The president now joins me to go over the most recent poll results. I value your time very much; your opinions are always much valued. Examining the poll, we see that the institutes' expectation gauge dropped from 86.3 in September. Especially in relation to the core rates, what are the main obstacles the European economy faces? Given the German economy in particular, I would mostly blame the manufacturing industry for its shortcomings. This deficit is visible in many other subsectors, including equipment, chemicals, electrical components, and the automobile sector. Businesses claim a shortage of orders, which is exacerbated by declining service sector performance particularly in sectors connected to industrial activity like engineering services and logistics. The general perspective is negative.

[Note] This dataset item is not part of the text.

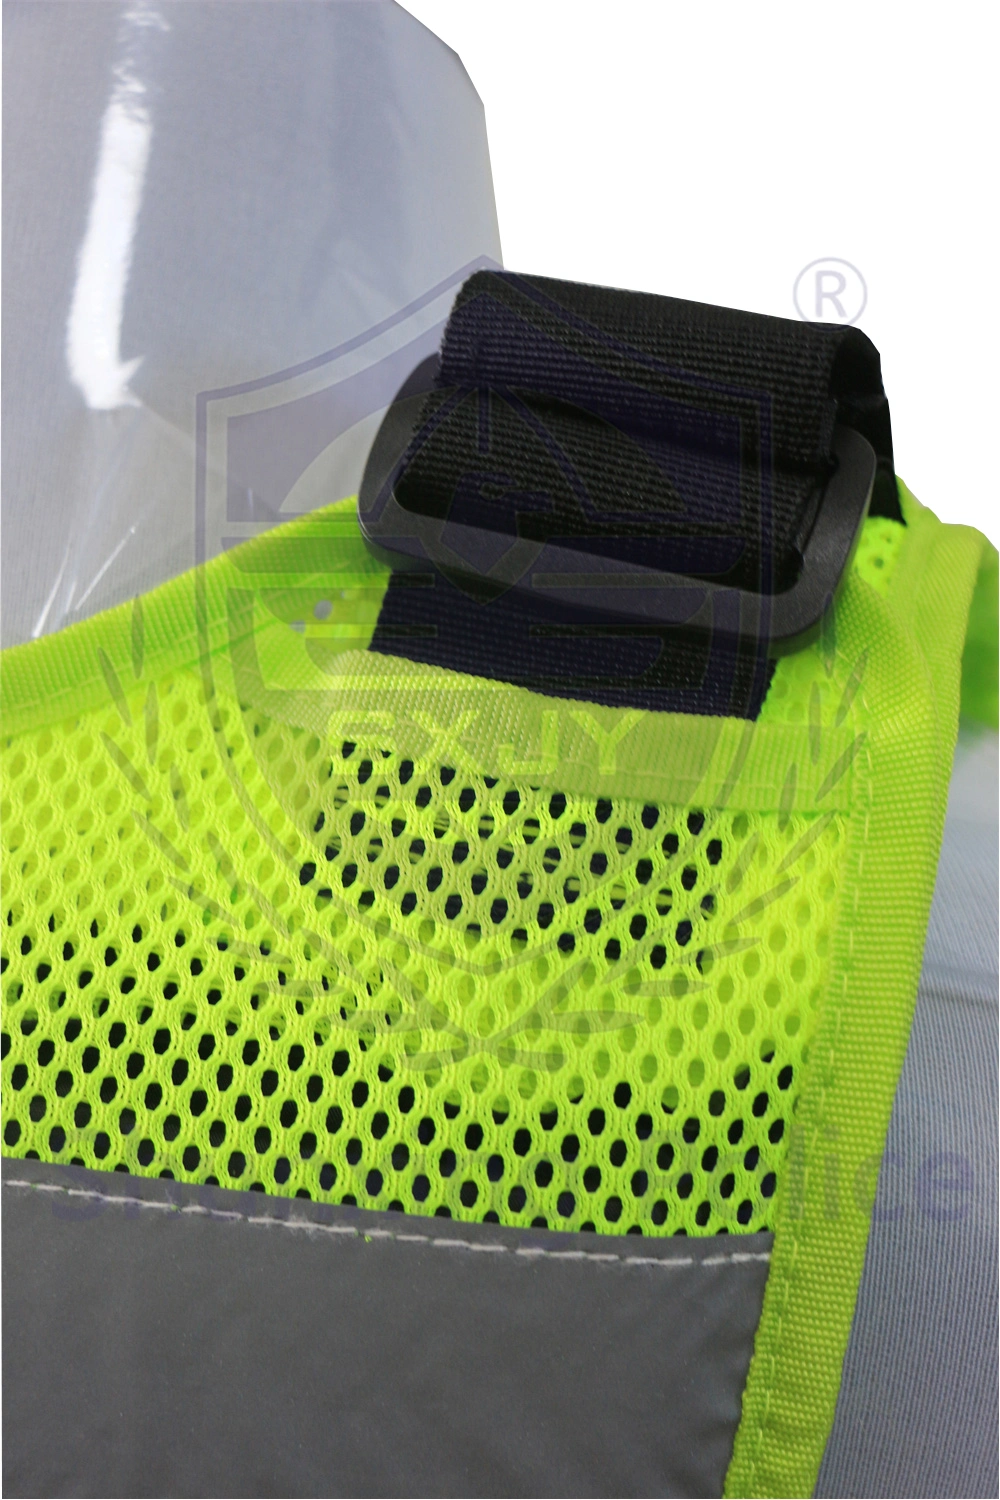 Tactical Vest Reflective Vesttactical Traffic Safety Jacket Reflective Tank Top

The story of a depressing picture keeps on. We discussed the differences between manufacturing and services, which are currently displaying indications of alignment. Are there more pressures to bear, especially in relation to service declines? Do you see a change towards a concentration on the industrial slowdown? The issue is in the declining manufacturing investment, which can cause production and value-added output to keep declining. Hinging on the future performance of the Chinese economy, the chronology for hitting the bottom under current external conditions remains unknown, including exports to China. In Germany, things are foggy. Many businesses cutting equipment investment in Germany point to a concerning trend in terms of lack of investment in Germany. Further aggravating the situation is this lack of security in investment combined with low building investment affecting manufacturing. At present, the possibility of stabilization in construction—which would support manufacturing—remains unknown.Is a recession in Germany now a realistic possibility? We might perhaps post a negative growth figure this year. Much will depend on consumer spending. While discretionary incomes are rising, this increase has not yet shown appreciable expansion. The rising savings rate suggests an underlying future worry among consumers. Should this attitude change during the year, we could prevent a full-fledged recession. Still, the German economy is probably going to stall and negative growth rate looms large.
Does the European Central Bank (ecb) have to take a more forceful approach? Is a necessary projected ecb rate drop on October 3 to give the economy strong support? Although a fall in the October ecb rate would surprise some, the increasing probability shown by current data points to an ecb review is called for. The ECB sees things holistically, and Germany is a negative outlier. The process of decision-making by the ECB involves juggling a declining economy against quite steady inflation, particularly in the services sector. According to the most recent figures, German businesses are considering price cuts to help to lower inflationary pressure. All these elements point to a strong case for a rate reduction.
Could the next months show a good turn around? Key causes of Germany's economic difficulties have been the slowing down in China and its effects on exports. Should this slow down stabilize, it would offer some respite. Although it would not imply instant optimism for Germany, it would most definitely be a welcome change. German vulnerability, particularly in the automotive industry and the Chinese car market, draws attention to the structural flaws of German businesses, especially in the field of electric vehicles. Right now, the possibility of a stable building industry still remains unknown and would affect manufacturing in turn.